I recently met with Jonny as he’d returned from a trip to pour his beer at an event held by Firestone Walker at its home in Paso Robles, California. The beer festival – and I say that in the loosest sense of the term – was to showcase beer/wine hybrids with the kicker being that the grapes used had to have been grown within 100 miles of the brewery. Beavertown collaborated with long-term supplier Chapel Down in Tenterden, and there they were joined by a handful of breweries including Jester King, Garage Project and the hosts, Firestone Walker. 

“My involvement in that project was without a doubt one of the best things I’ve done in almost three years at Beavertown,” Jonny says. “From planning the brew, to the drive to Kent to pick up grape juice in an IBC which sloshed around every time we went around a roundabout, to flying all the way over to California to stand next to some of my favourite brewers in the world pouring the final product, it was a very special thing to be involved with.”

What’s perhaps most interesting about the project is how it deepened a brewery’s relationship with one of the UK’s most well-regarded wineries. Jonny cites Chapel Down’s winemaker, Josh Donaghay-Spire, as something of a genius, and his influence on Jonny’s experimental brewing is tangible. We’ve previously seen how breweries collaborating can bring a positive contribution to the beer scene, but by collaborating with a winemaker it allows beer to cross over with a neighbouring culture, perhaps widening the spheres of both in the process. It’s likely we can expect more collaboration between brewers and winemakers in the future, and the results should be delicious. 

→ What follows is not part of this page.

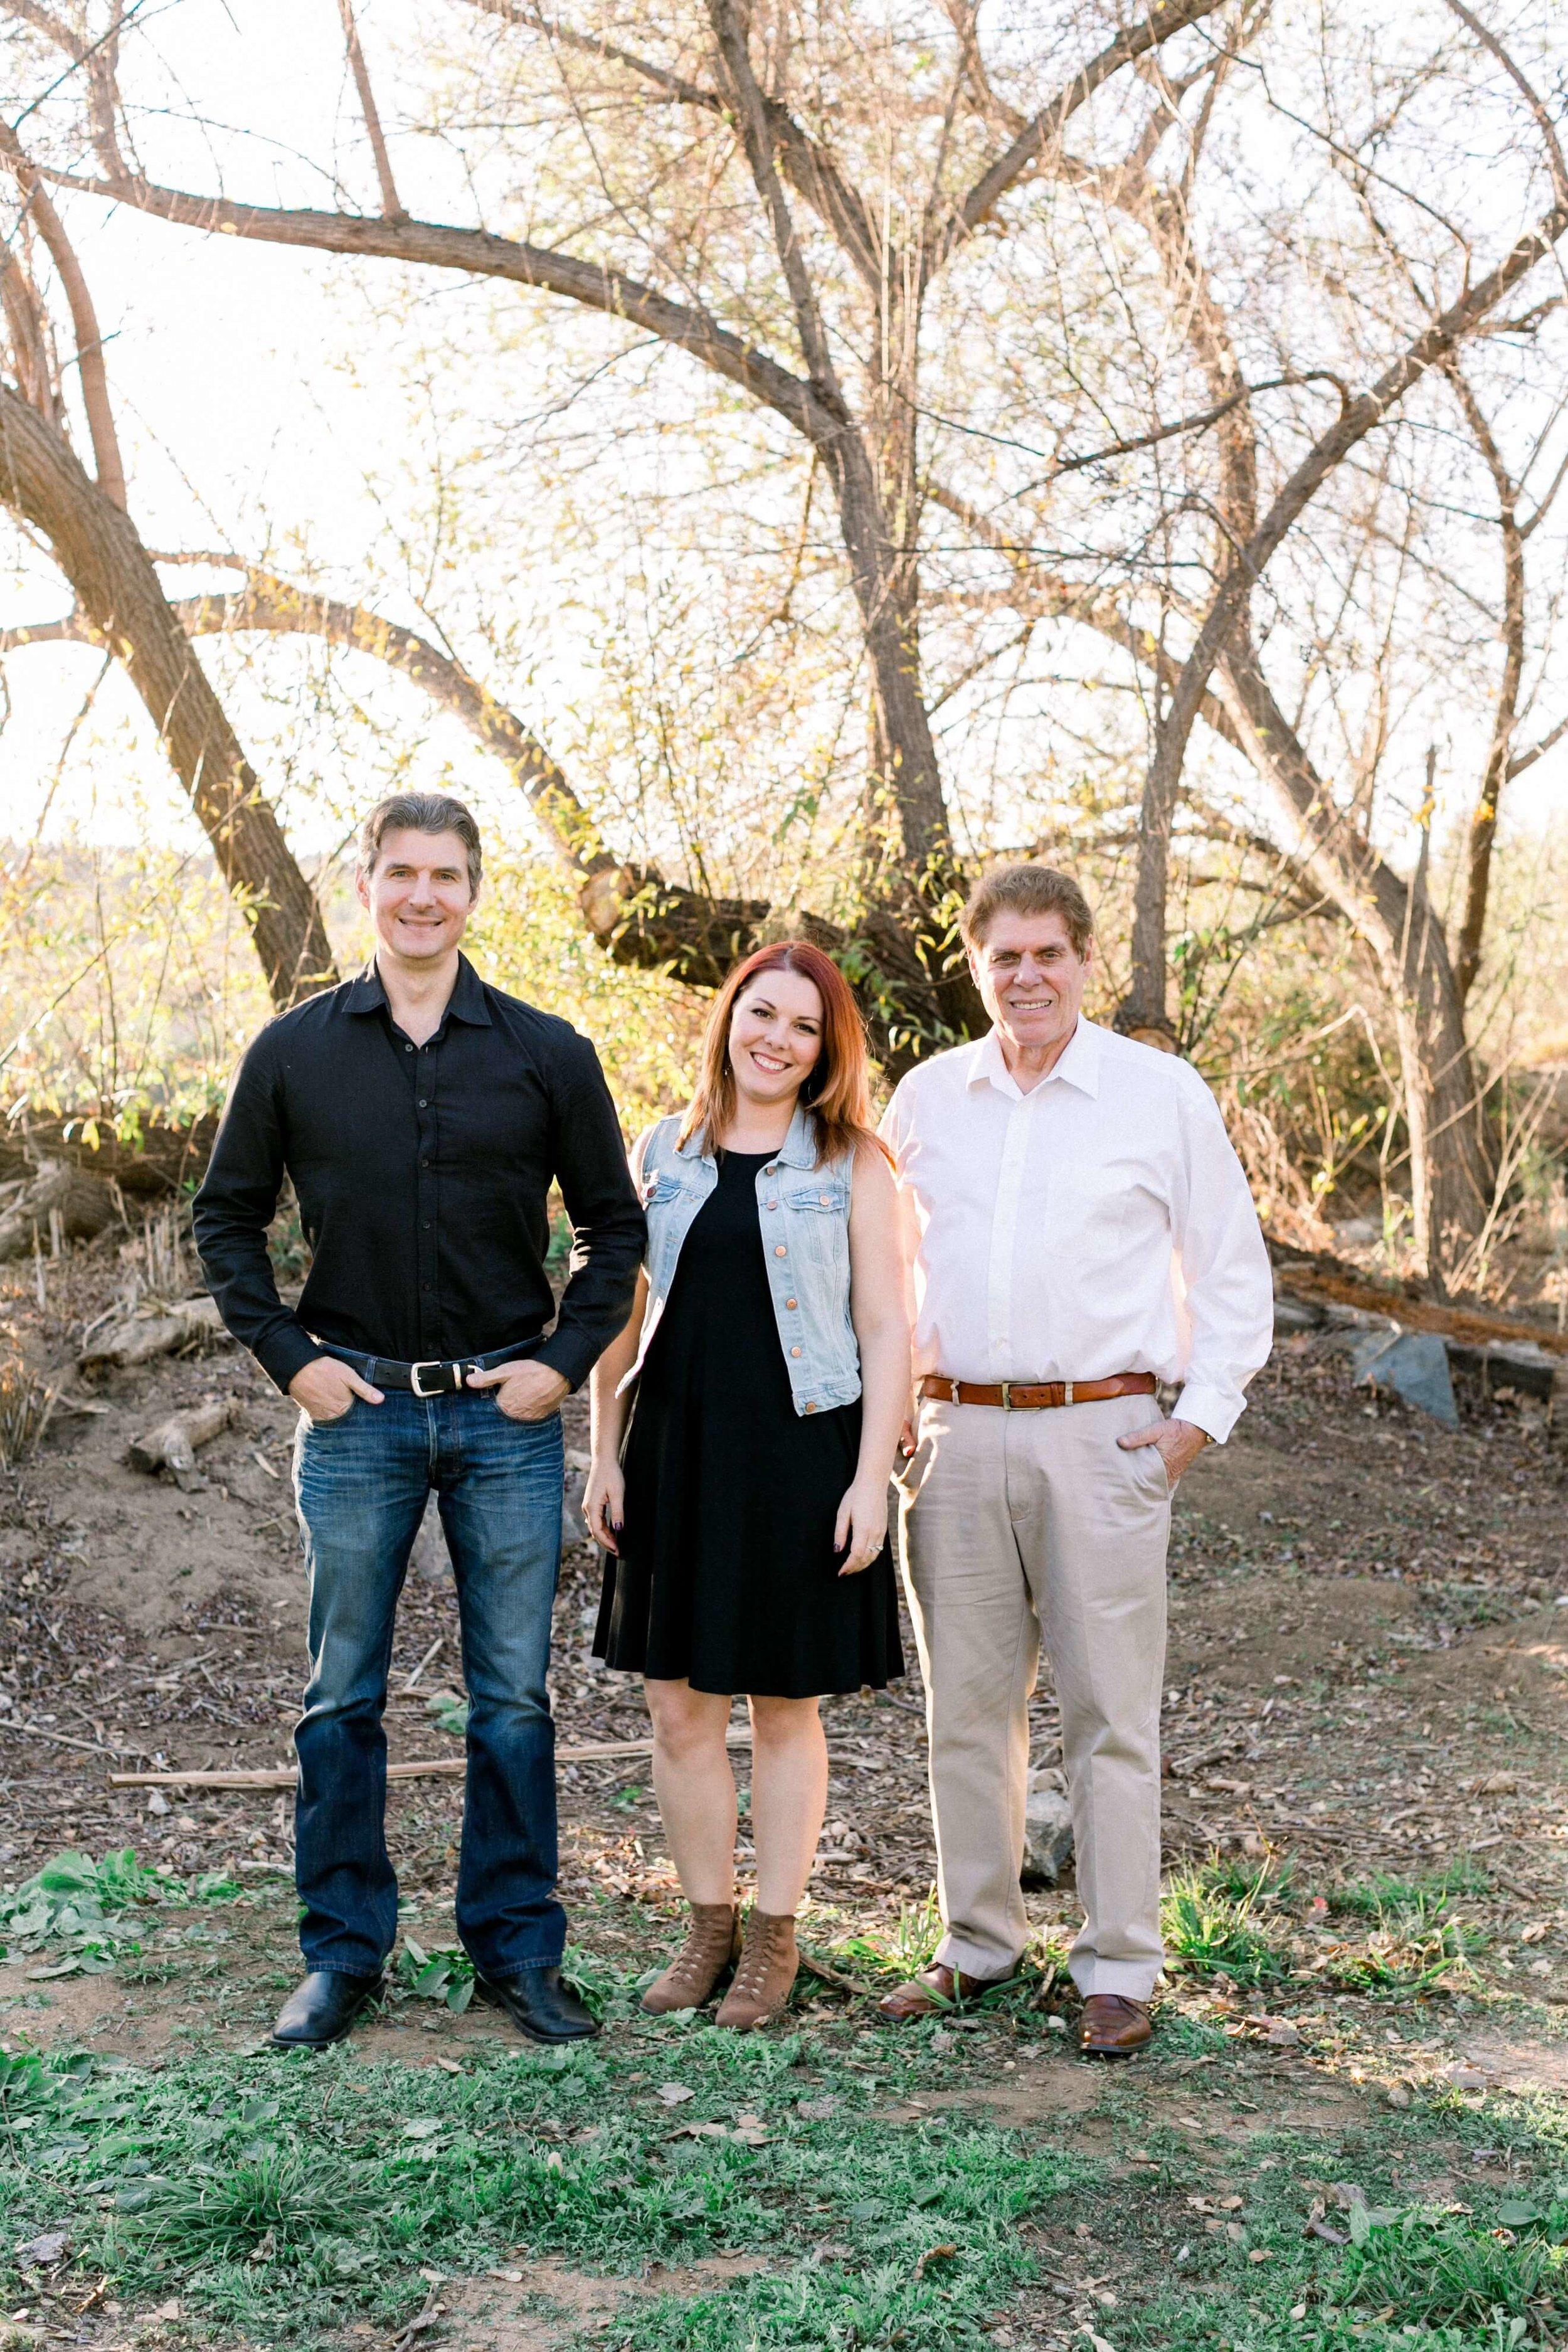 Steve Jr., Caitlyn, and Steve Sr.

But is this tendency from brewers like Jonny, and Jos Ruffell at Garage Project, and others, to explore wine, detrimental to beer’s own cultural heritage? And will the higher price of these beer/wine hybrids create a barrier between those who want to drink them and those who can actually afford them?

“I don’t think there is any real danger of ‘wineification’ of beer. I see a similarity in the discussion with cask beer and the idea that it should cost £3 a pint.” Jonny says. “There is an argument that brewers not making affordable beers for cask to sell at these low prices are pushing out drinkers who can’t afford more. I want to make sure that everyone has access to our beers, but I also want to see breweries getting paid, and pay their staff a reasonable salary at the end of the day.”